To increase the affinity between the book and its potential public, I started a group on Facebook and added as many friends as I could whom I thought might be remotely interested in writing.

I pumped the group full of interesting material about writing and interacted with members intensively, creating a real community.

Initially, I offered the e-book version of my book as a reward for anyone who added the most writing-friendly people to the group, and this succeeded in adding a few dozen more members.

Then I offered the e-book for free to ALL members for a limited time if the group could reach a certain number of members by the end of that month. Suddenly, things took off, and dozens more members were added at a rapid rate. The group met its target. I posted a link to the e-book and many members took advantage of it and downloaded the book for free.

This added those hot names to my email database.

These people then became beta-readers - they were complete strangers who would read the book and give me feedback. Those who wrote back raved about the book.

What did I gain?

Several hundred extra members in the group (which has steadily grown every day since then), more than doubling it in size and attracting some experienced writers

Dozens of extra names for my database

Dozens of beta-readers and some new testimonies

The crossover between the email database and the group members who have downloaded the book gave me my ‘tribe’, the people from both who were interested enough to get the book.

Now it’s probably true that this whole process could be magnified into a much larger operation. What I did was very small, right at the beginning of setting something up, but it’s possible to see that, given a few more resources and a little more time, it might have been feasible to boost the group into tens of thousands of members, acquire hundreds if not thousands of names for a database, and bring on board hundreds of beta readers. It all depends what the end goal is and what resources you have access to. The principles are the same, though.

And that’s what interests me: the theory behind why this worked.

Stripped of specifics, it goes something like this:

An author, or a business, develops a product after careful research and much work, which doesn’t immediately take off in the open market, despite tests proving that it was more than adequate in itself. This is because, though the thing may be highly effective in itself, it is still invisible to the wider world, despite any attempt to advertise or promote it.

To solve this, to make the product visible, an author or business needs to find a sub-group within that open market - a niche or sector of the marketplace which is broadly interested in the wide category of whatever the product is and for whom similar products are already visible. It’s like finding the public who are on enough of a wavelength to have some hope of picking up your signal.

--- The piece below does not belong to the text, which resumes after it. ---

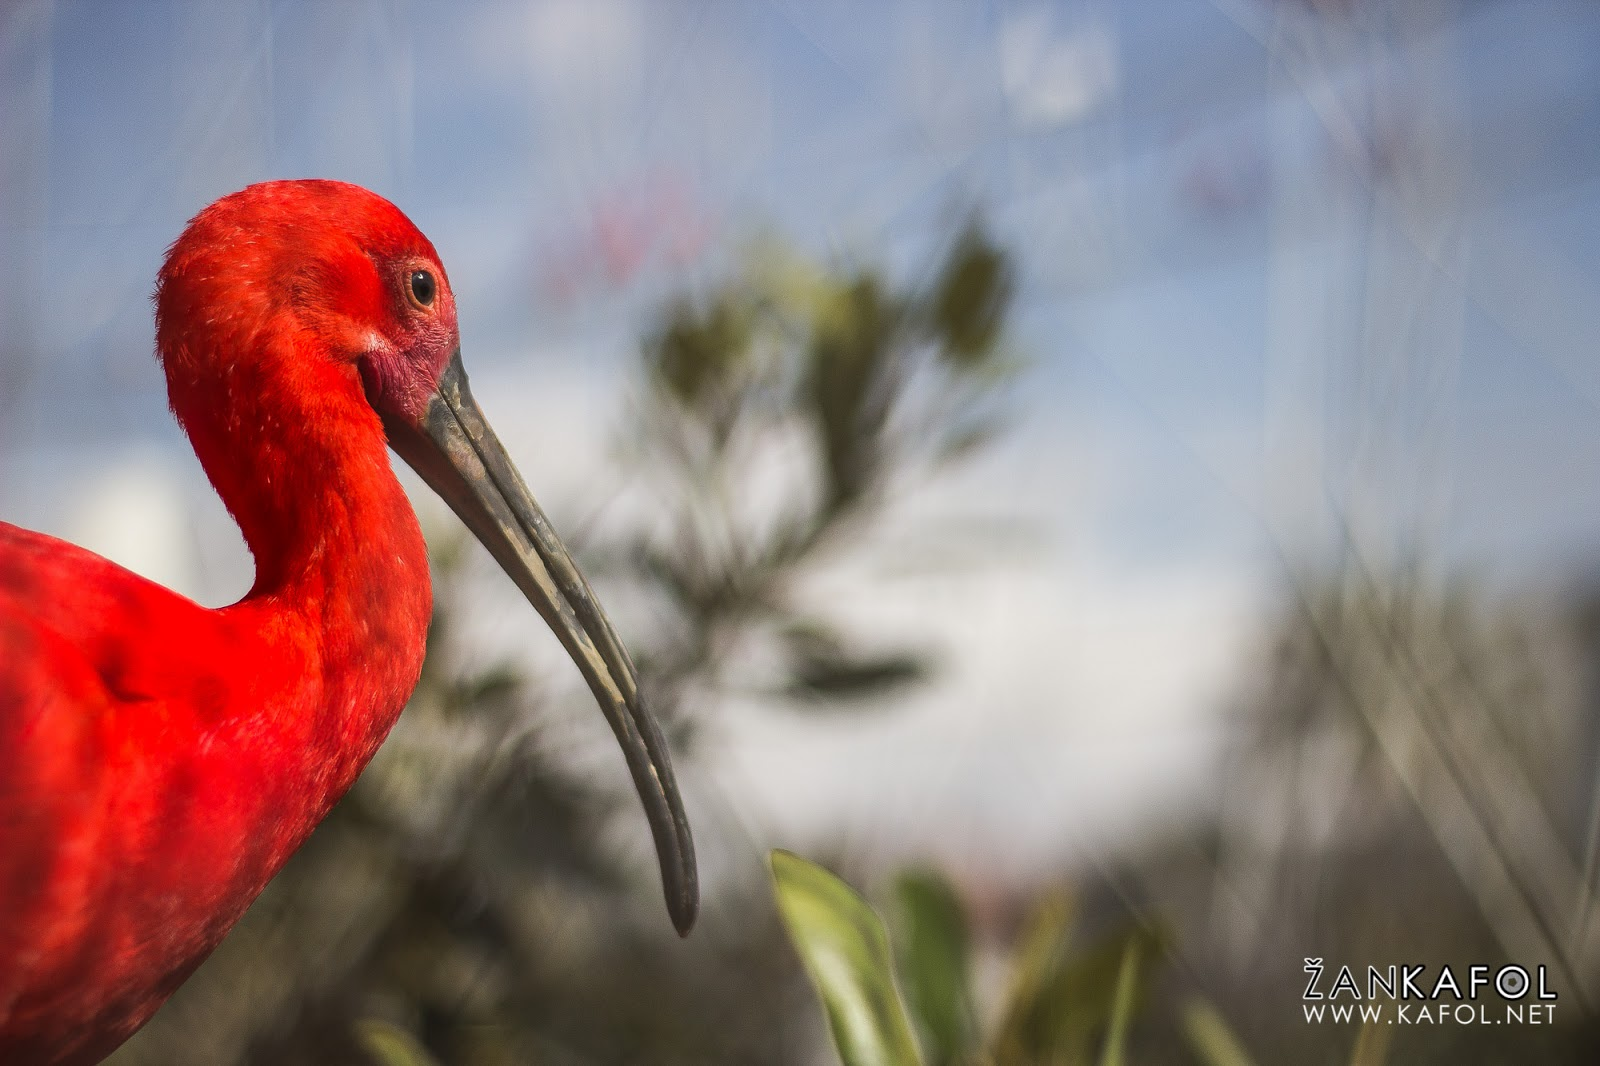 Škrlatni ibis (Eudocimus ruber)

A free-ranging and lively conversation or series of conversations need to occur within this niche public, not with the aim of ‘selling’ them anything, or even with the idea of introducing or mentioning the initial product at this stage. In the course of this ongoing communication, the author or business becomes more ‘real’ to the members of that sub-group. In effect, the members begin to see at least part of themselves in that author or business. Visibility increases; affinity grows; the beginnings of trust are established.

The aim at this point is to create a community of interactive people, not a set of prospects or a collection of statistics. The more real the communication is, the better; the more responsive and human the author or business appears, the closer is the approach to the objective of this stage.

Once the community is established, the initial product can be introduced as an incentive within that community without necessarily giving it too much attention. Just as I made acquiring my book a prize for adding people to my community, so any product should be aligned with the goals of that group. Any attempt to make the product the central aim of the group will be counterproductive. But make it a side-aim and it should start to draw attention. But it needs to be offered without cost.

Why is this?

Because introducing any element of cost demands a higher element of trust.

Following this model, the author or business hasn’t yet reached the ‘trust-quotient’ or ‘affinity level’ required in order for a member of the public to part with money comfortably. That may or may not come later. This first step is about establishing strong foundations for the trust to grow.

And it will grow, if this is done right. The community will grow, the product will be acquired, the word will spread. The author’s or business’s ‘tribe’ - the loyal followers, the ones who are prepared to go that bit further to get what the author or business of offering - begins to emerge.

This is how to build a foundation for future prosperity.